Eleven years ago more than a thousand local residents, including Korean-Americans, attended the dedication ceremony of the Korean War Veterans Memorial at 119th and Lowell, Overland Park, and saw 415 names of the Kansans killed during the Korean War engraved on the new gleaming red granite wall.
Such dignitaries as then Retired Chairman of the Joint Chiefs of Staff Gen. Richard B. Meyers, South Korean Consul Wook Kim from the Chicago Embassy, and U.S. Rep. Dennis Moore delivered moving speeches, each reflecting on the 3-year-long war (1950-1953,) how much South Korea progressed since, how the war weakened Soviet power and eventually causing the empire to crumble down, and praised the veterans for the ever growing trust and bond between the U.S. and South Korea.
For the past eleven years since, the veterans, their families and supporters gathered at the Memorial twice a year–on Memorial Day and Veterans Day–to remember and to pay tribute to those who didn’t return to their beloved home state.
In my memory, Veterans Day 2013 ceremony was quite special, during which Chaplain Father Emil Kapaun’s new granite panel was unveiled. It was etched with the priest’s gallantry and bravery shown on the battleground as well as in the North Korean POW camp along the Yalu River, where Kapaun took care of the sick and dying fellow American inmates until he himself died from dysentery.
That April (2013), Barrack Obama had handed the Medal of Honor, the highest honor given to the U.S. servicemen, to the nephew of the absentee recipient.
This year’s Veterans Day celebration at the Memorial in Overland Park will be yet another special one, because 32 local Korean War Veterans will receive Ambassador for Peace Medals from the South Korean government. The award recipients are from The Jewish War Veterans, Missouri Korean War Veterans Association, inc., Chapter #2, and Kansas Korean War Veterans Association, Inc., Chapter #181. To present the medals, the Korean Consul General from Chicago will fly to Overland Park, and South Korean liaison officer, LTC Kyung-hwan Jung from Ft. Leavenworth will assist him in the ceremony.
The Johnson County government stood behind the Kansas Korean War Veterans Association since its birth in 2000. As soon as nearly 60-members presented their plans to construct a memorial here in Overland Park to honor their fallen combat comrades from the state of Kansas, the City of Overland Park granted them a place for it, next to Trail Ridge Community Center, and the site was dedicated in August 2003. Afterwards, a retired general, General Robert Shirkey, who served in World War II and the Korean War, donated the seed money for the future Memorial.
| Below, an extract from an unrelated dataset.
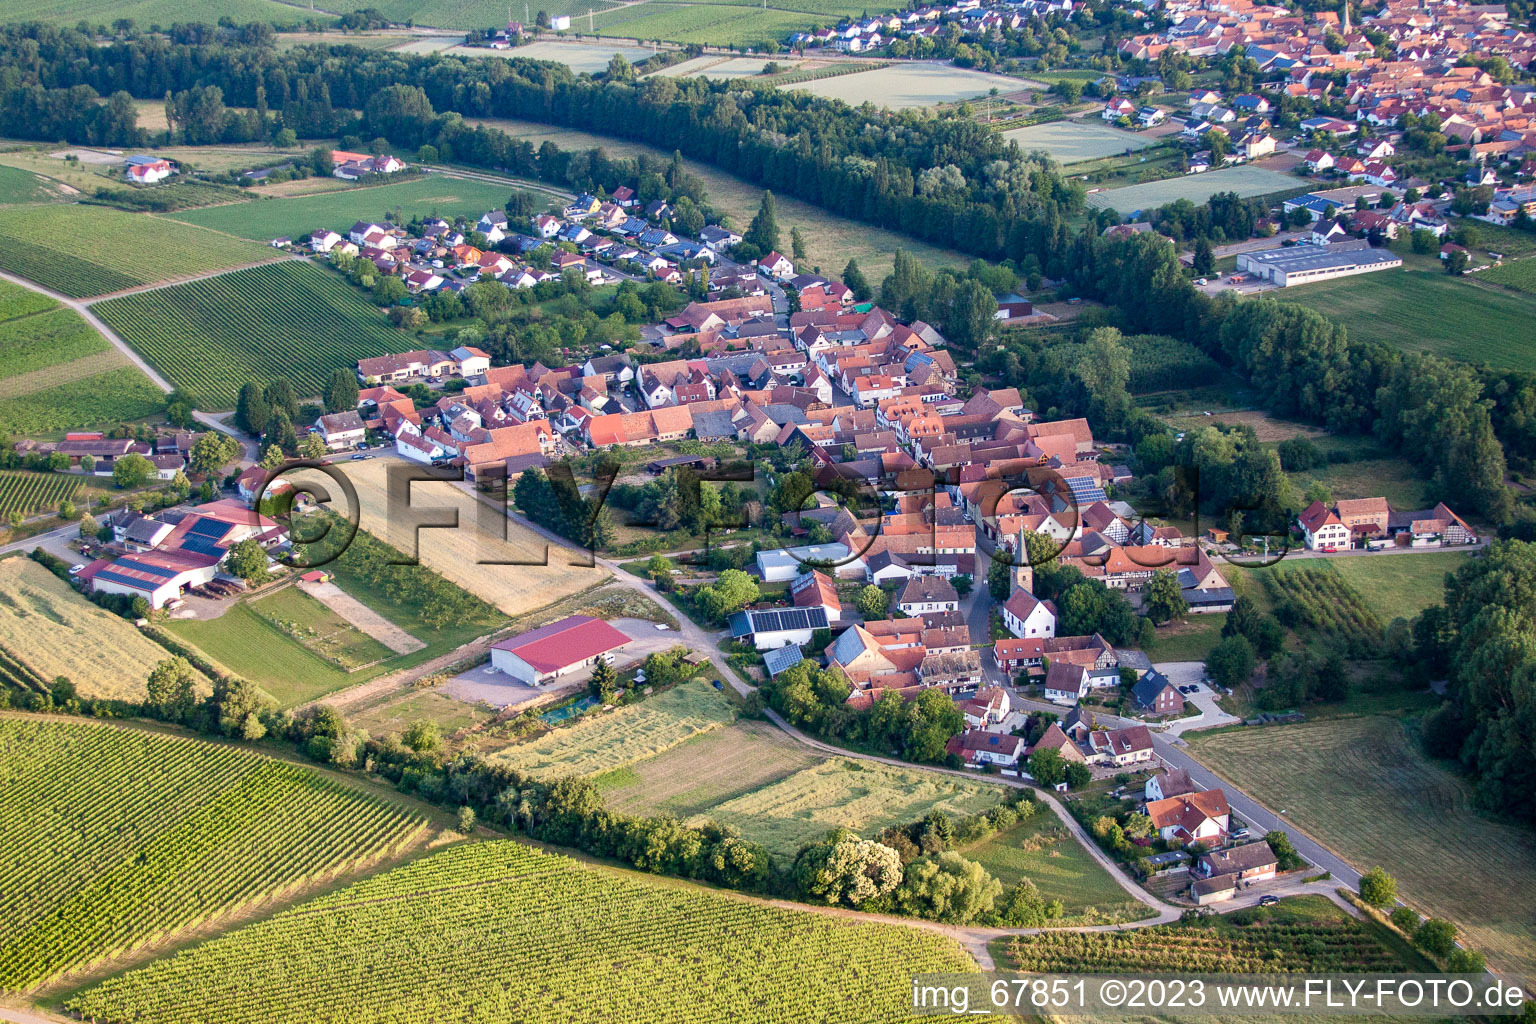 Drone recording of District Klingen in Heuchelheim-Klingen in the state Rhineland-Palatinate, Germany

This kindled the veterans’ passion for the solemn cause, and they launched fundraising campaigns by hosting pancake breakfasts, garage sales, and golf tournaments. Donations came in from all areas of the community: rich and poor, young and old, white and black and yellow.
The news eventually reached Washington D.C., and in November 2004, the Bush administration awarded the association $374,280 toward the construction of the memorial, thanks to then U.S. Senators Sam Brownback and Pat Roberts. As a South Korean, who lived through the war as a child and also witnessed the veterans’ unfaltering team spirit in constructing their Memorial here in Overland Park six decades later, I humbly say, “God Bless all Korean War Veterans!”